To plot the decision boundaries of the random forest classifier, we can select two of the most important features and create a scatter plot. We can then train the random forest classifier on the entire dataset and use it to predict the class probabilities for each point in the scatter plot.

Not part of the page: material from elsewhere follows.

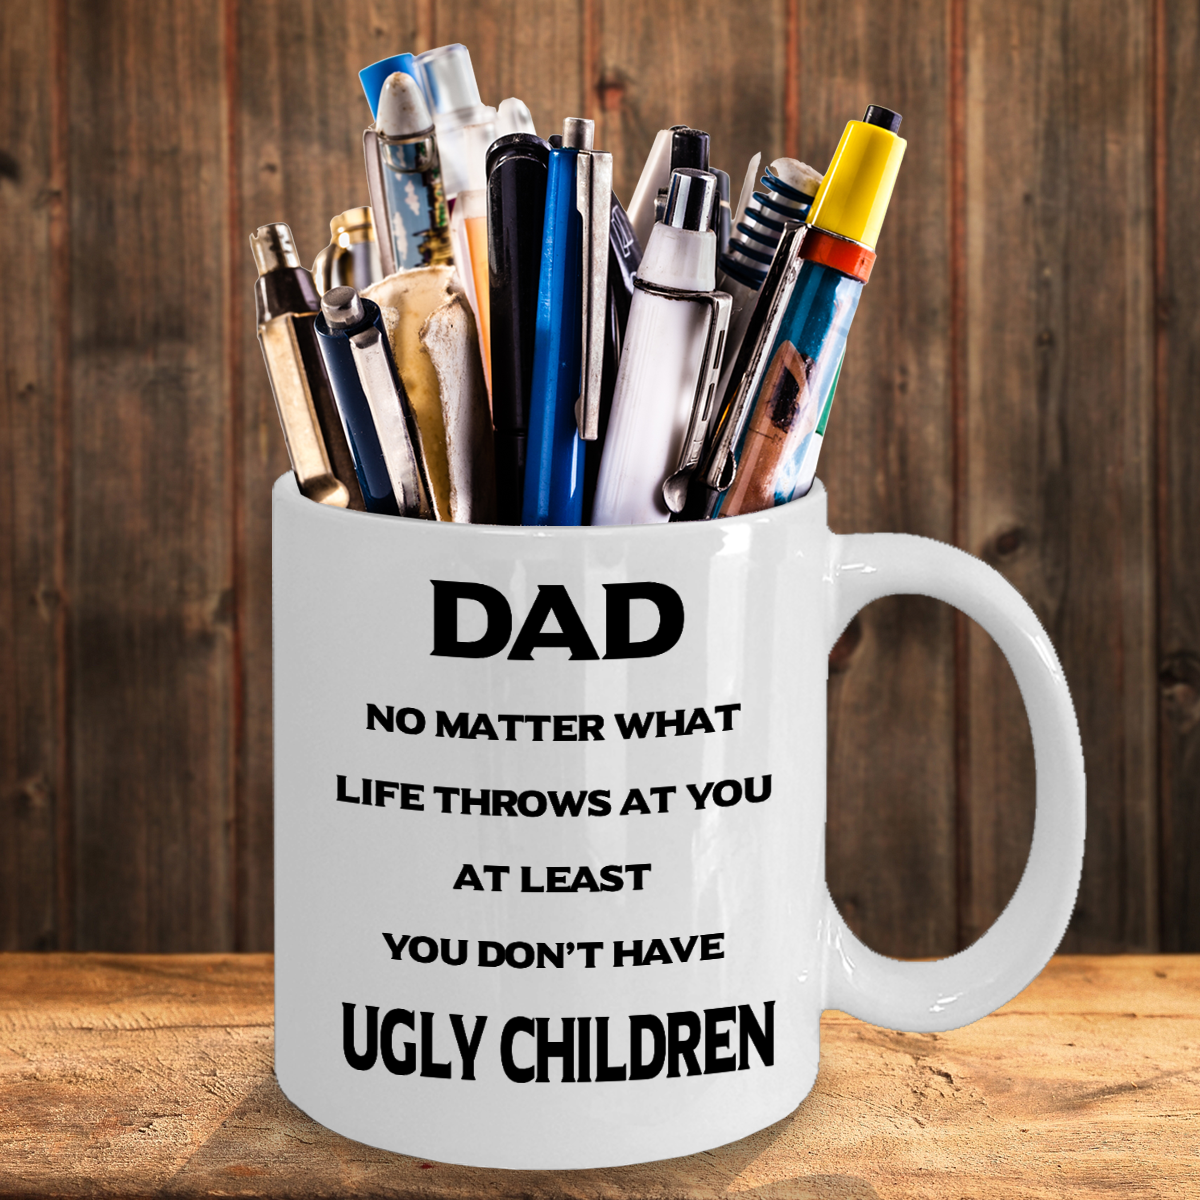 Funny Coffee Mug For Dad - No Matter What Life Throws At You Great Birthday Father's Day Christmas Gift Ideas For Dad - White Ceramic 11oz

We can then visualize the decision boundaries by contouring the predicted class probabilities.



In [None]:
import numpy as np
import matplotlib.pyplot as plt

# Select two most important features
X = df.drop(columns=['target']).values
y = df['target'].values
feature_names = df.drop(columns=['target']).columns
importances = rfc.feature_importances_
indices = np.argsort(importances)[::-1]
top_feature_indices = indices[:2]
top_feature_names = feature_names[top_feature_indices]
X = X[:, top_feature_indices]

# Train random forest classifier on entire dataset
rfc.fit(X, y)

# Create grid of points for scatter plot
x_min, x_max = X[:, 0].min() - 0.1, X[:, 0].max() + 0.1
y_min, y_max = X[:, 1].min() - 0.1, X[:, 1].max() + 0.1
xx, yy = np.meshgrid(np.linspace(x_min, x_max, 100), np.linspace(y_min, y_max, 100))
Z = rfc.predict_proba(np.c_[xx.ravel(), yy.ravel()])[:, 1]
Z = Z.reshape(xx.shape)

# Plot decision boundaries and scatter plot
plt.figure()
plt.contourf(xx, yy, Z, cmap=plt.cm.RdBu_r, alpha=0.8)
plt.scatter(X[:, 0], X[:, 1], c=y, cmap=plt.cm.RdBu_r, edgecolors='k')
plt.xlabel(top_feature_names[0])
plt.ylabel(top_feature_names[1])
plt.title("Decision boundaries of random forest classifier")
plt.show()


The resulting plot will show the decision boundaries of the random forest classifier on the scatter plot of the two most important features.